## Material supplied
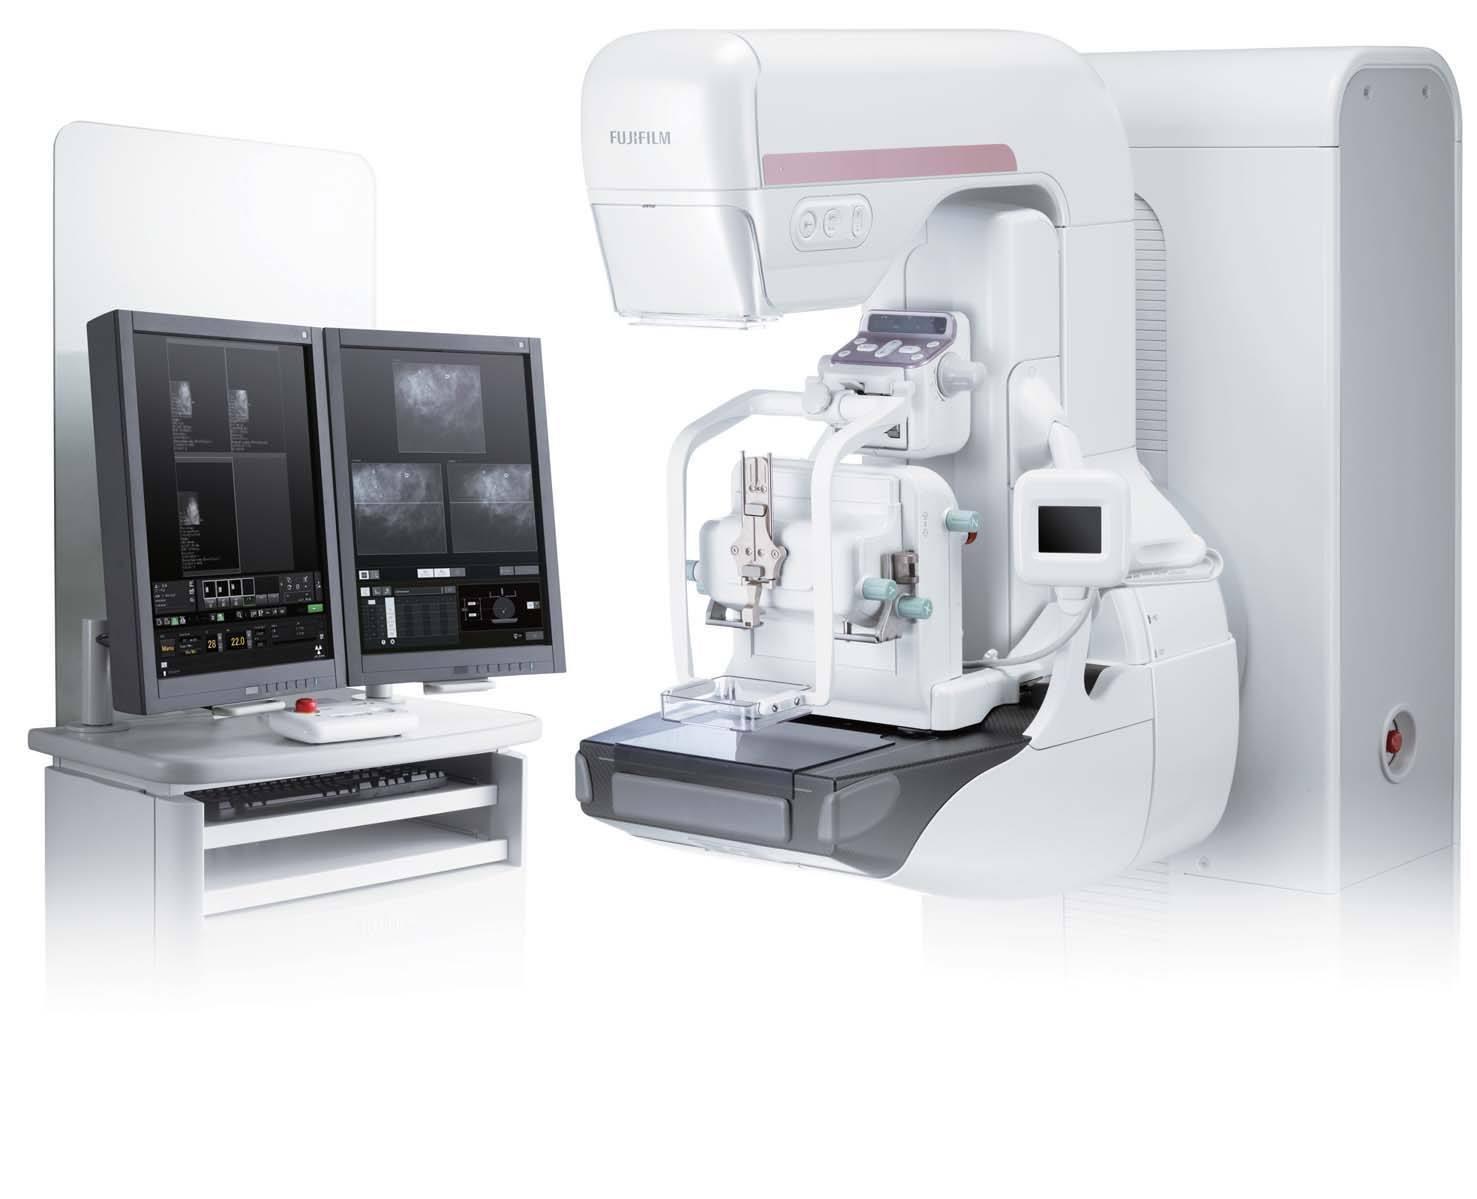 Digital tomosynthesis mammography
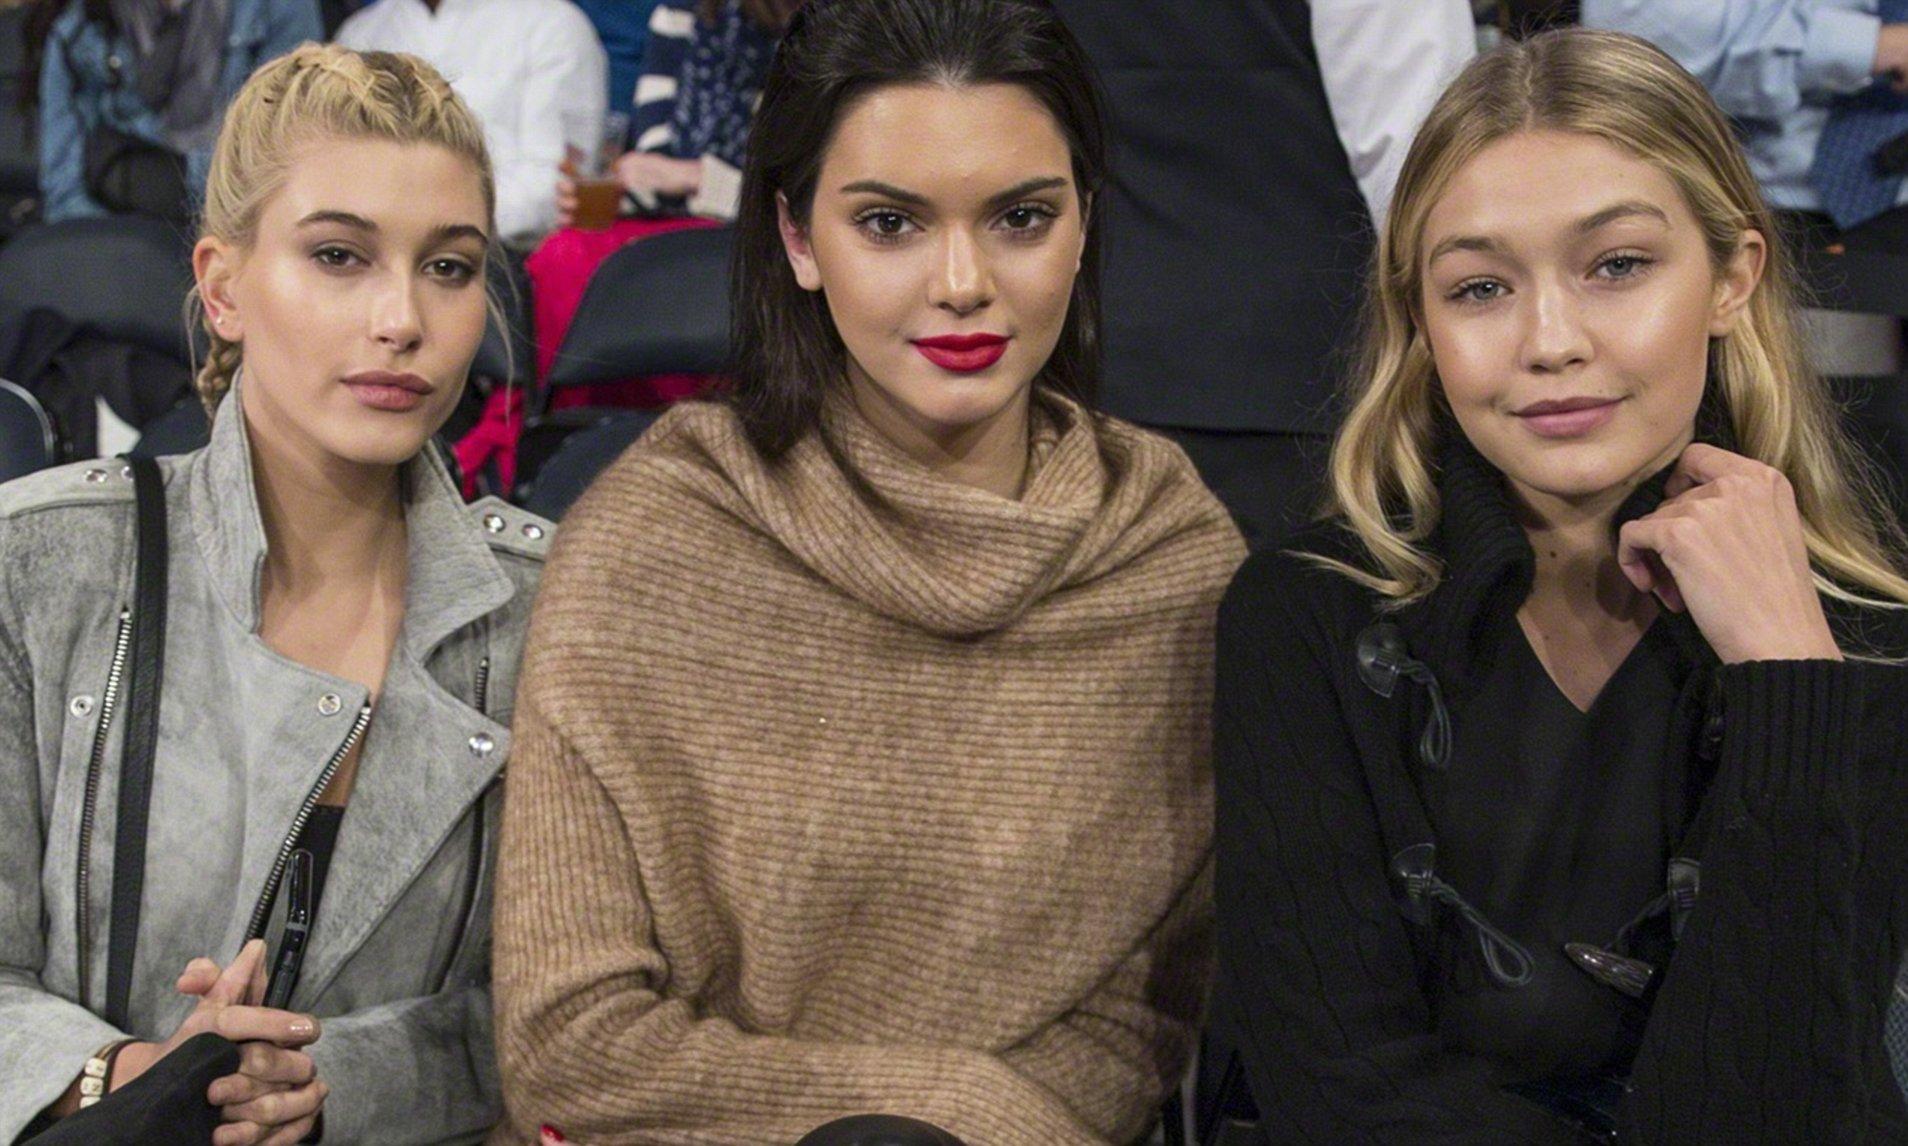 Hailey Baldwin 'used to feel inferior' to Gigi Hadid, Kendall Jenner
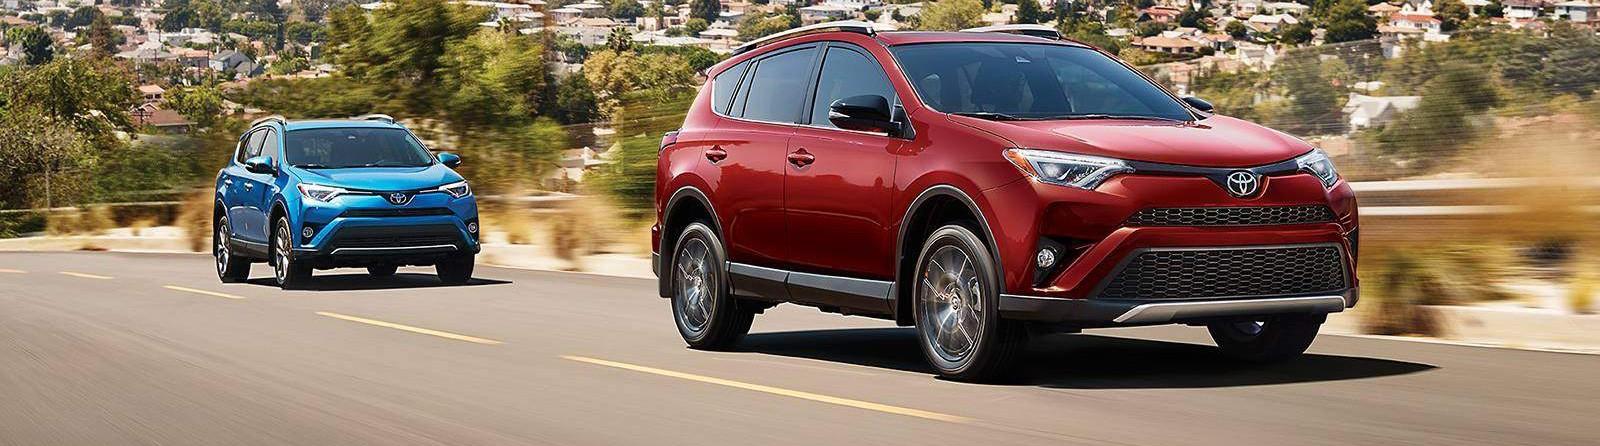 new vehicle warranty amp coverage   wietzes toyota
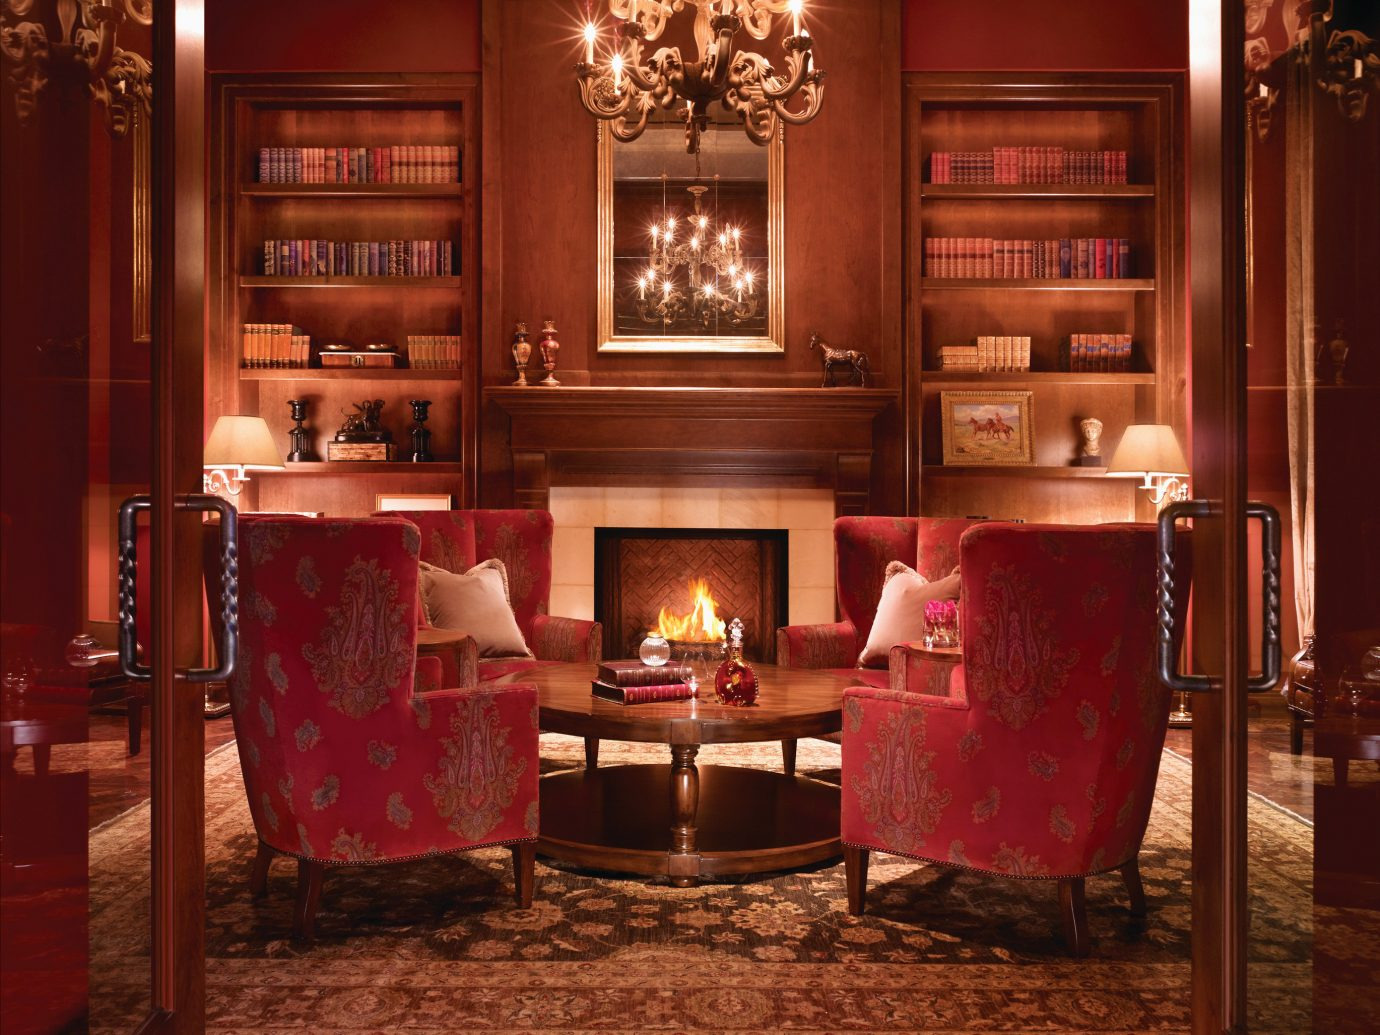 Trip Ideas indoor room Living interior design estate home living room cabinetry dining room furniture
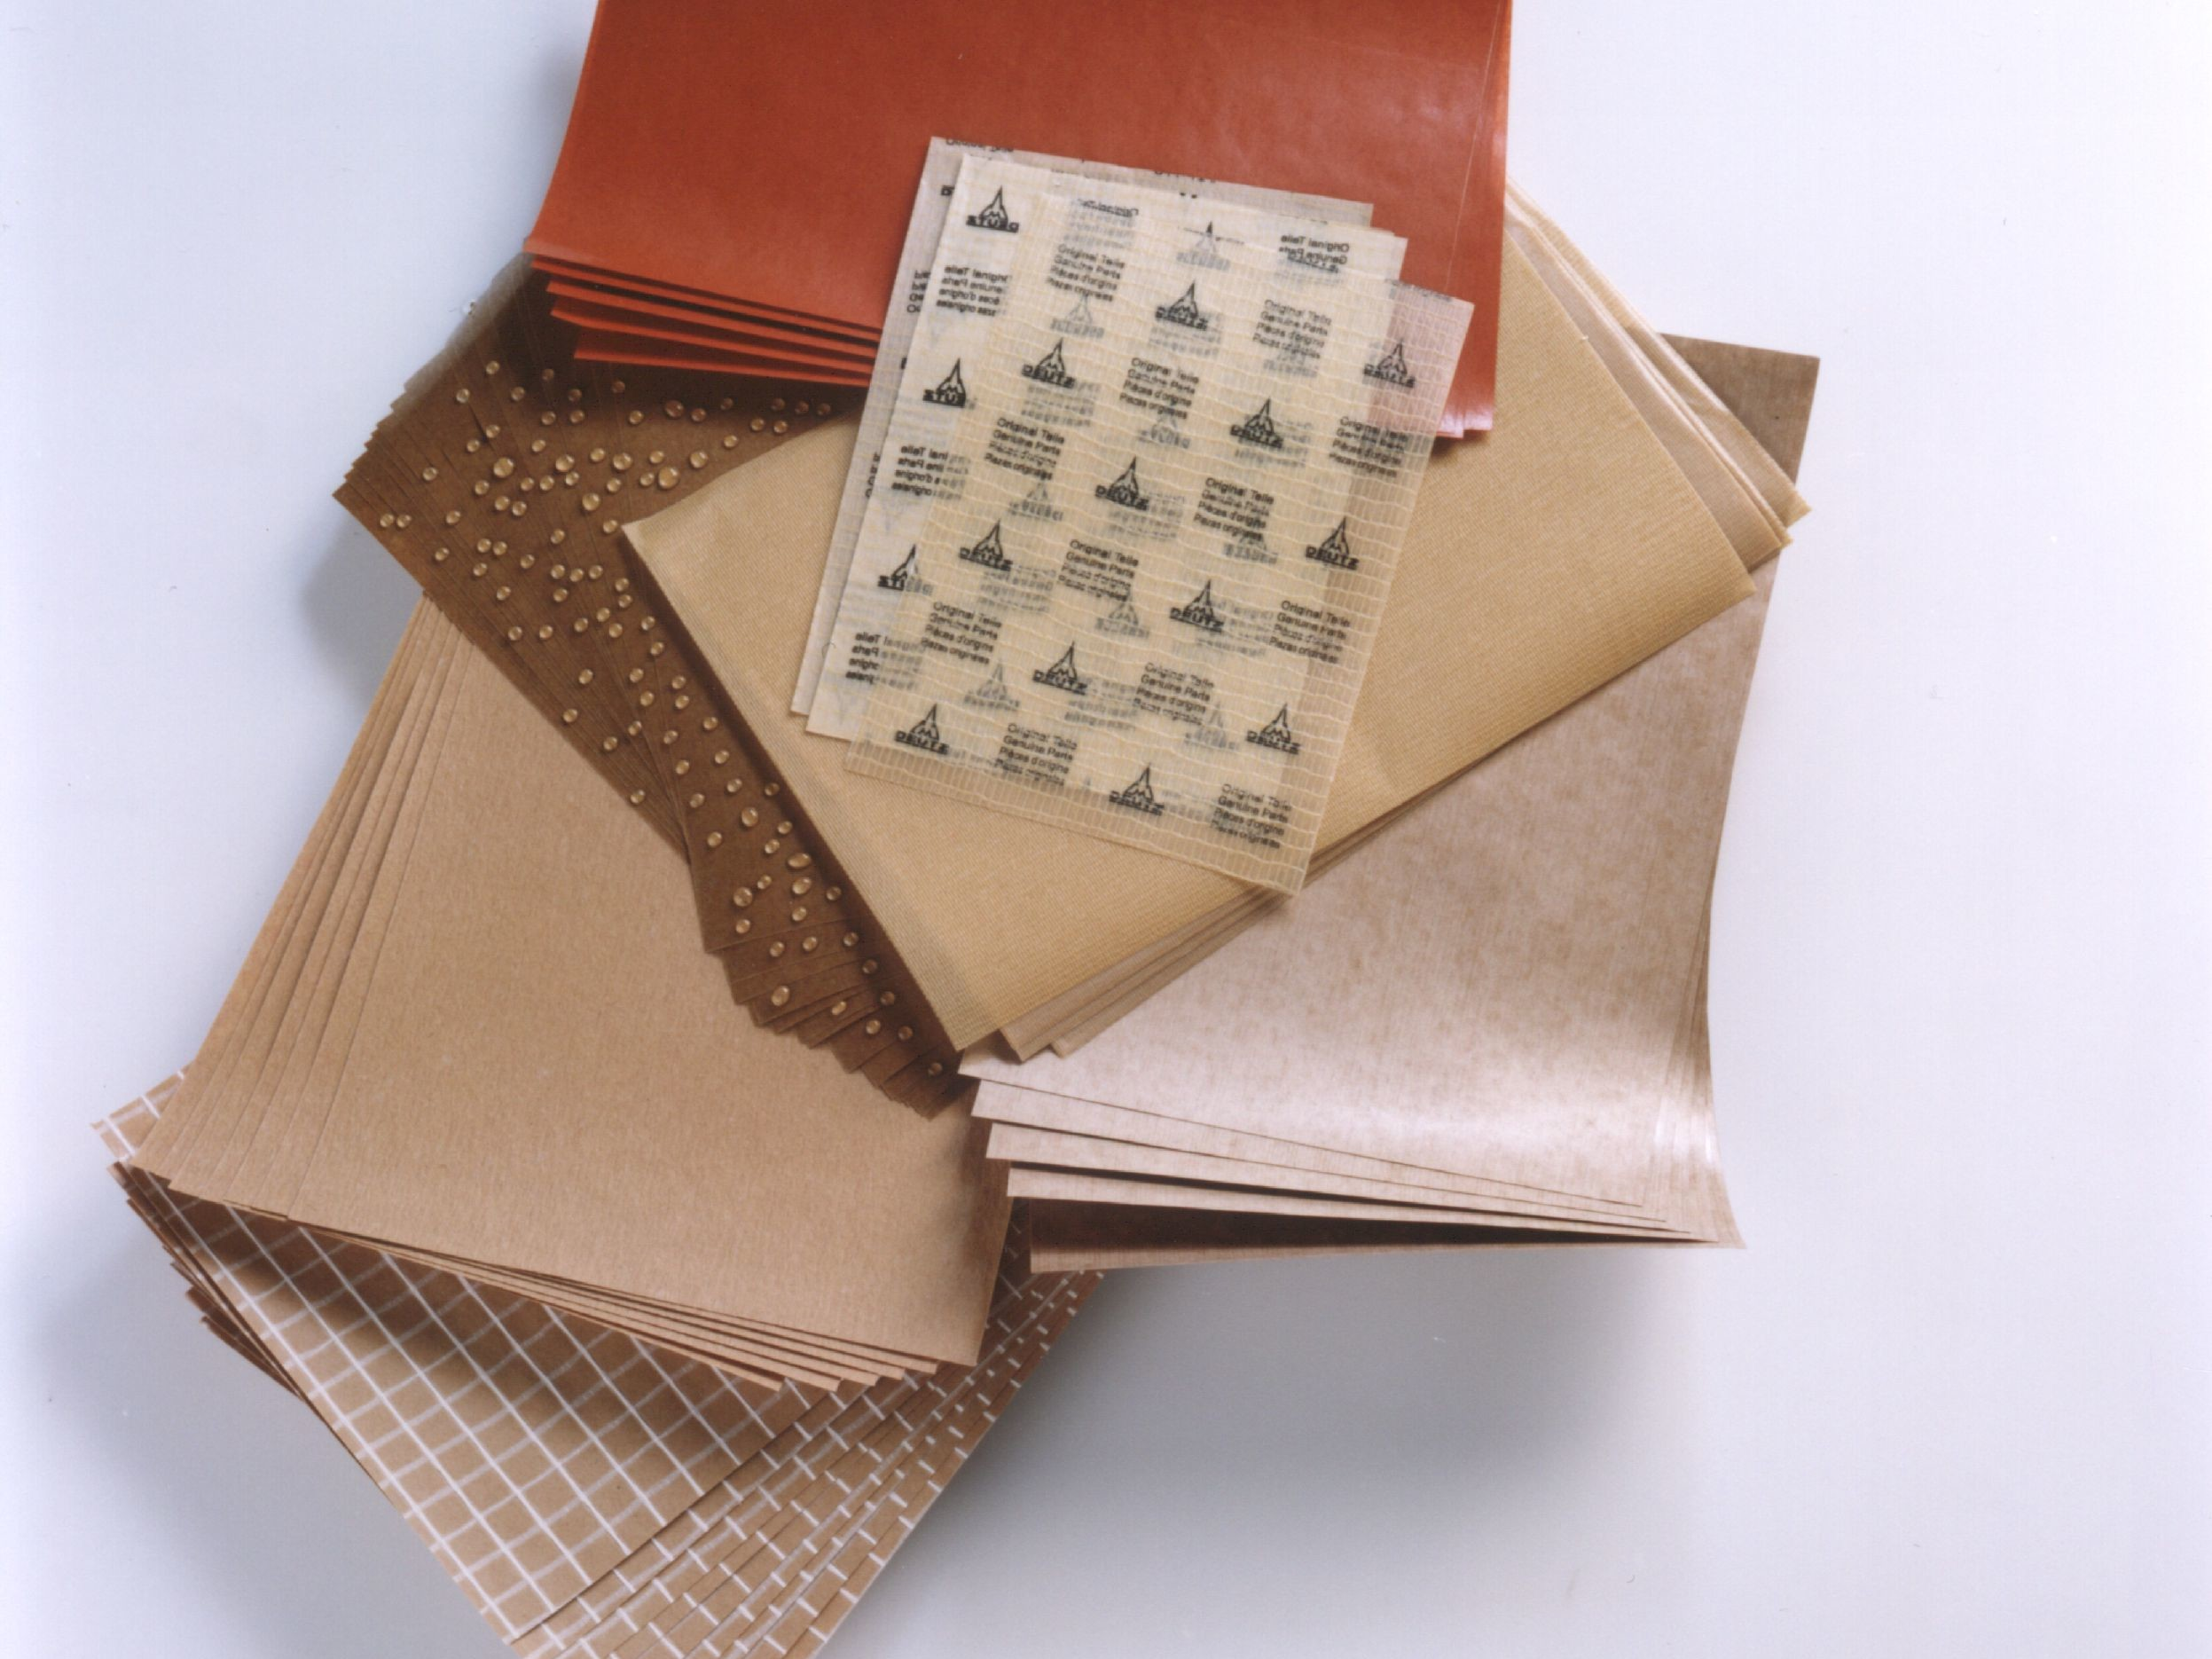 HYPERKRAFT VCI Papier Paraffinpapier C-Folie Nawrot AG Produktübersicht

## Work to be completed
Beginning with the line that holds "Hailey Baldwin 'used", extract every line to the end of the material, exactly as it stands, and drop the pictures.

## Expected output
 Hailey Baldwin 'used to feel inferior' to Gigi Hadid, Kendall Jenner
 new vehicle warranty amp coverage   wietzes toyota
 Trip Ideas indoor room Living interior design estate home living room cabinetry dining room furniture
 HYPERKRAFT VCI Papier Paraffinpapier C-Folie Nawrot AG Produktübersicht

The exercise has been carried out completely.